## Aim of the task
Repeat every line from the line containing "Профессия. E-commerce маркетолог" to the end of the data, exactly. Leave the pictures out.

## Provided material
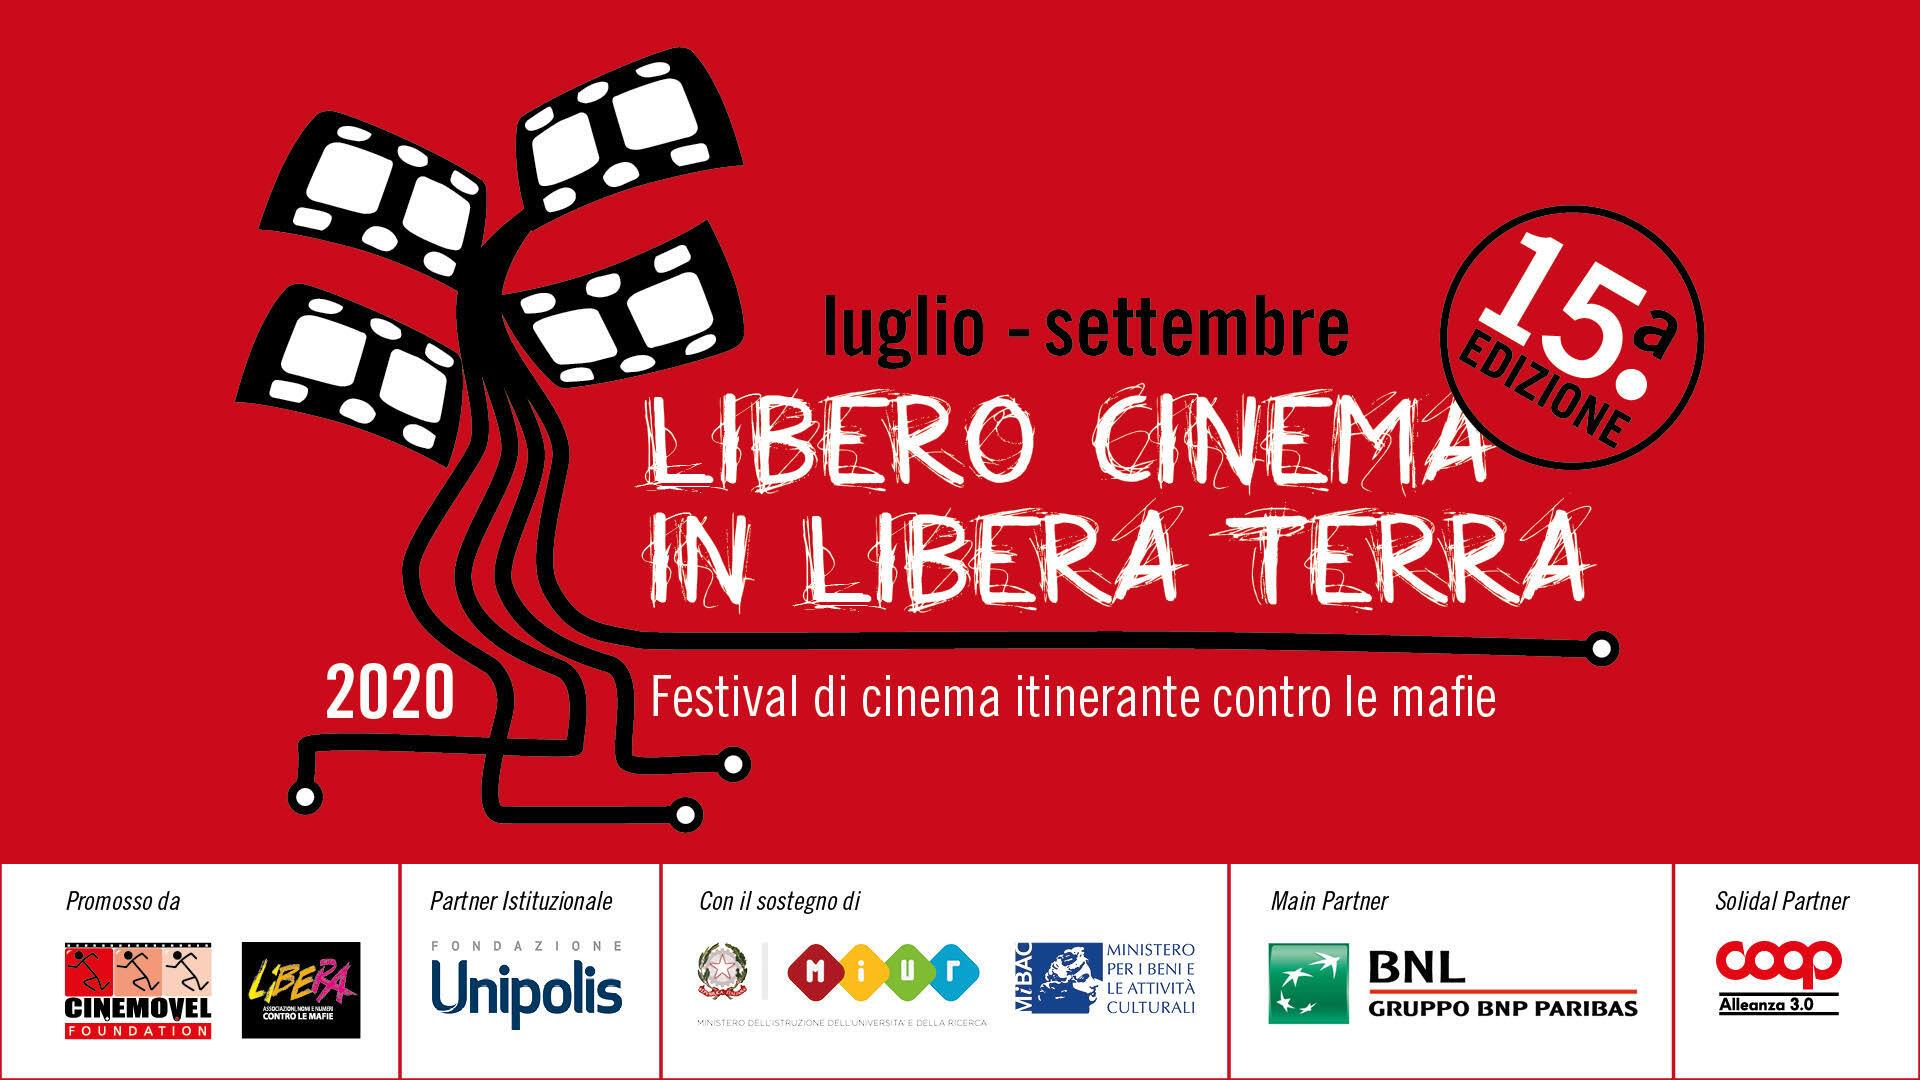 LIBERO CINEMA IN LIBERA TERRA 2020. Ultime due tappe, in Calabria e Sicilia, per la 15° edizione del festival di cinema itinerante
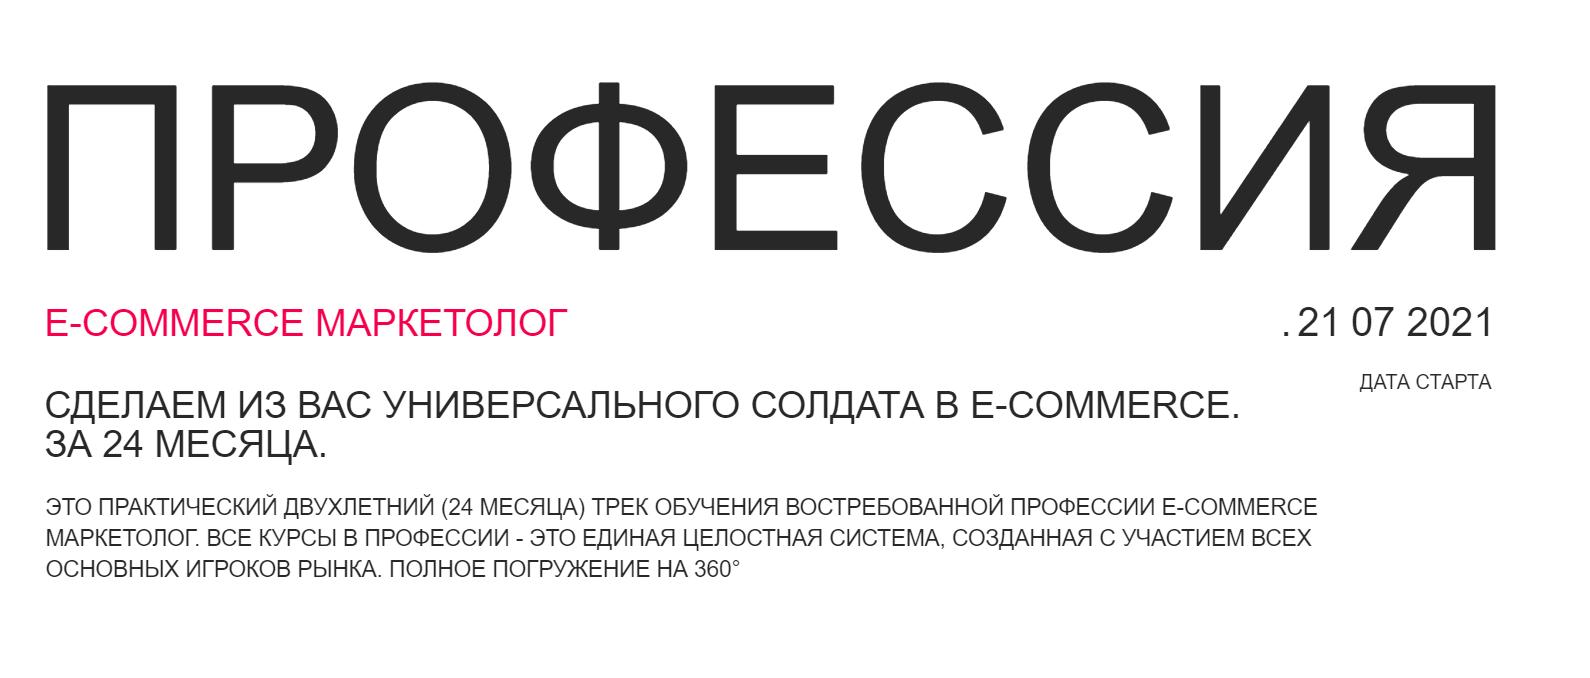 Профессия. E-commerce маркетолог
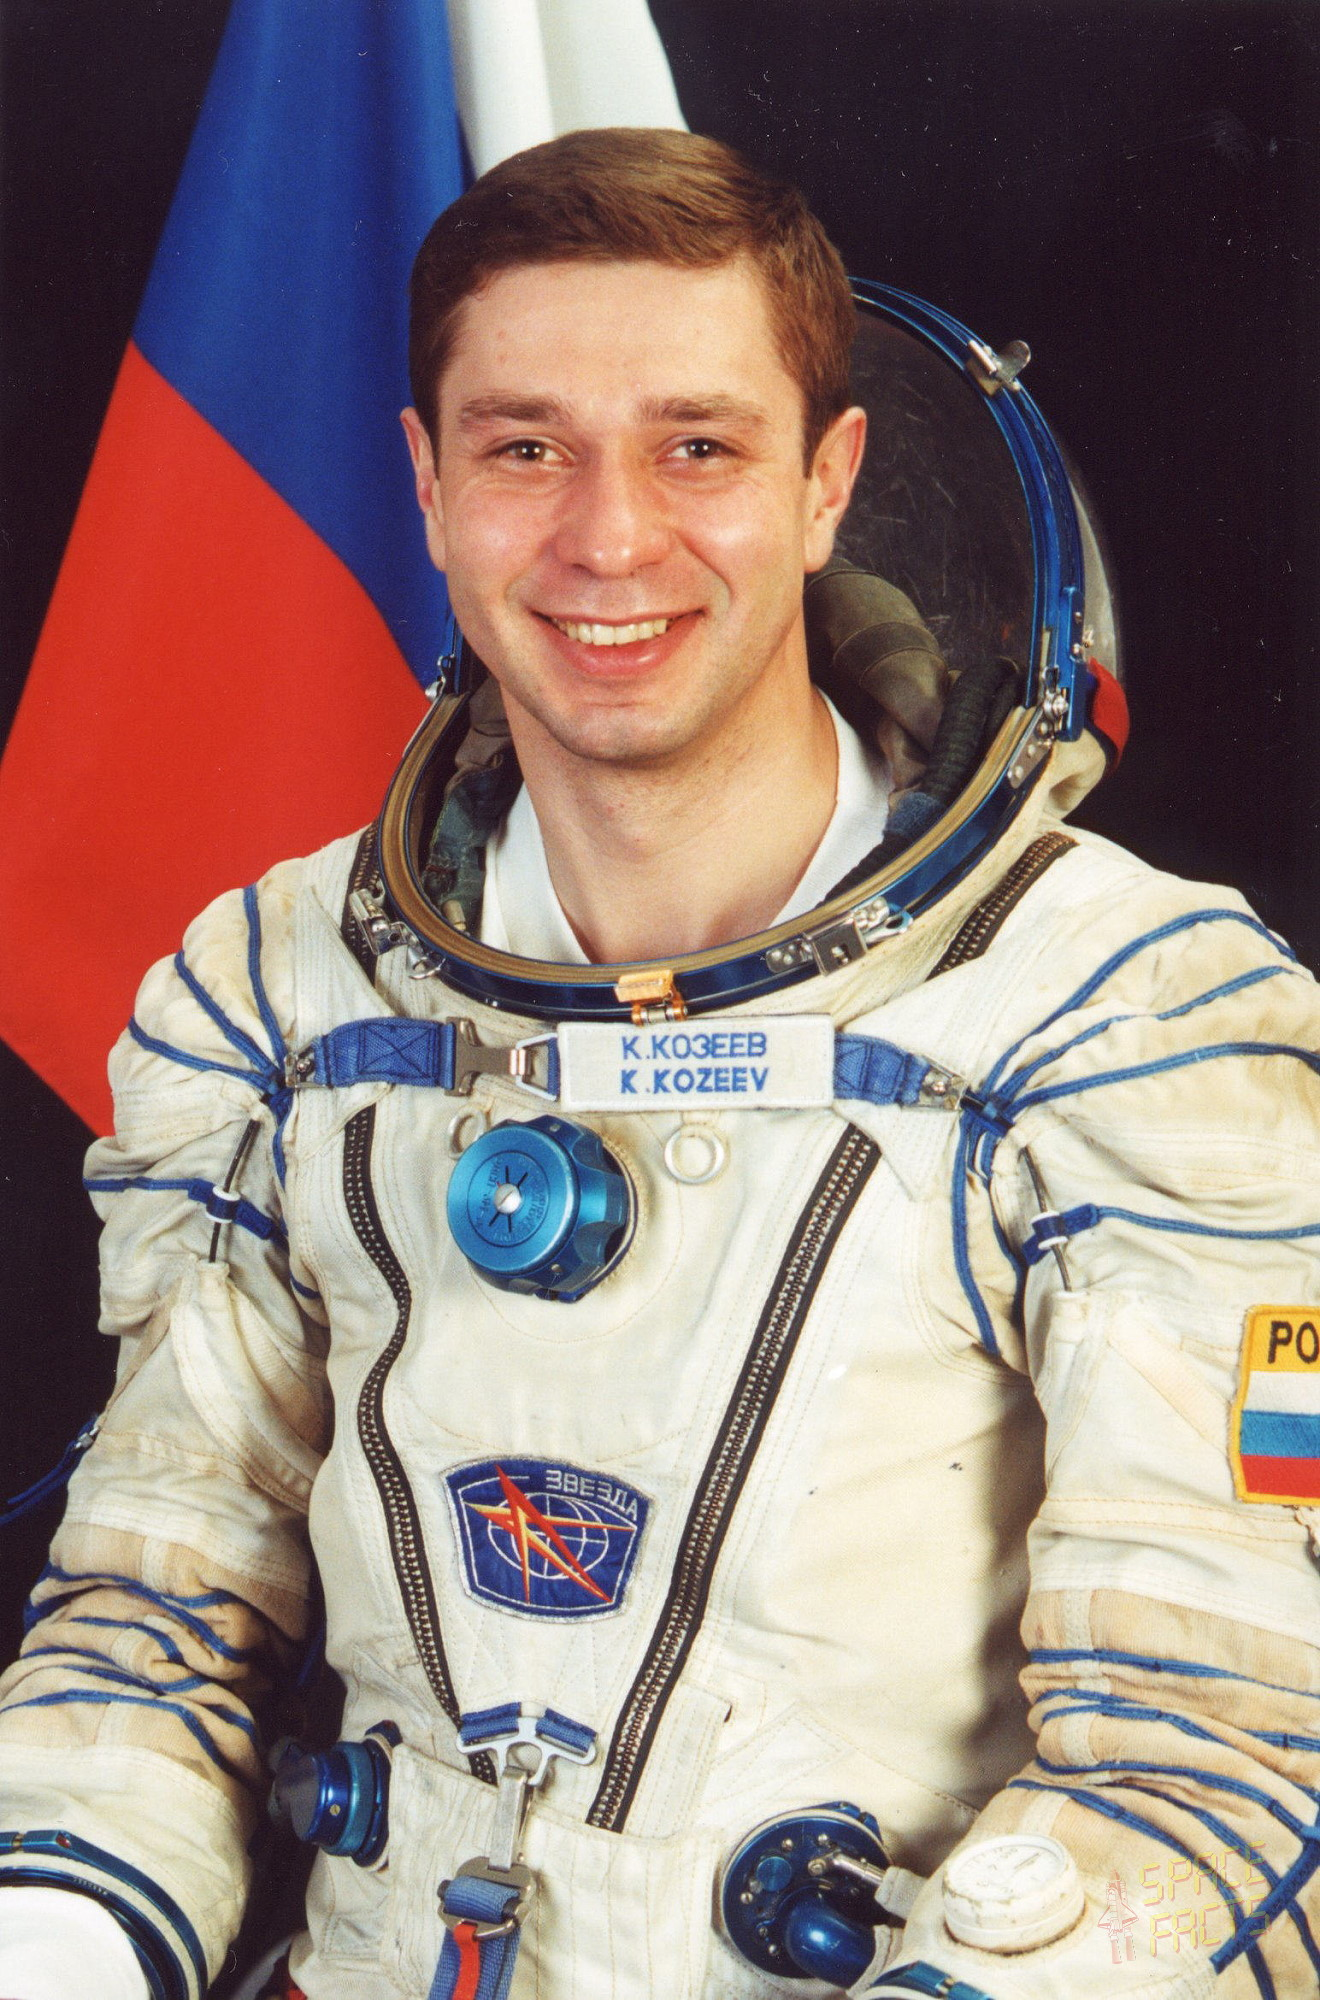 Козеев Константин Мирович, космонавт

## Task solution
 Профессия. E-commerce маркетолог
 Козеев Константин Мирович, космонавт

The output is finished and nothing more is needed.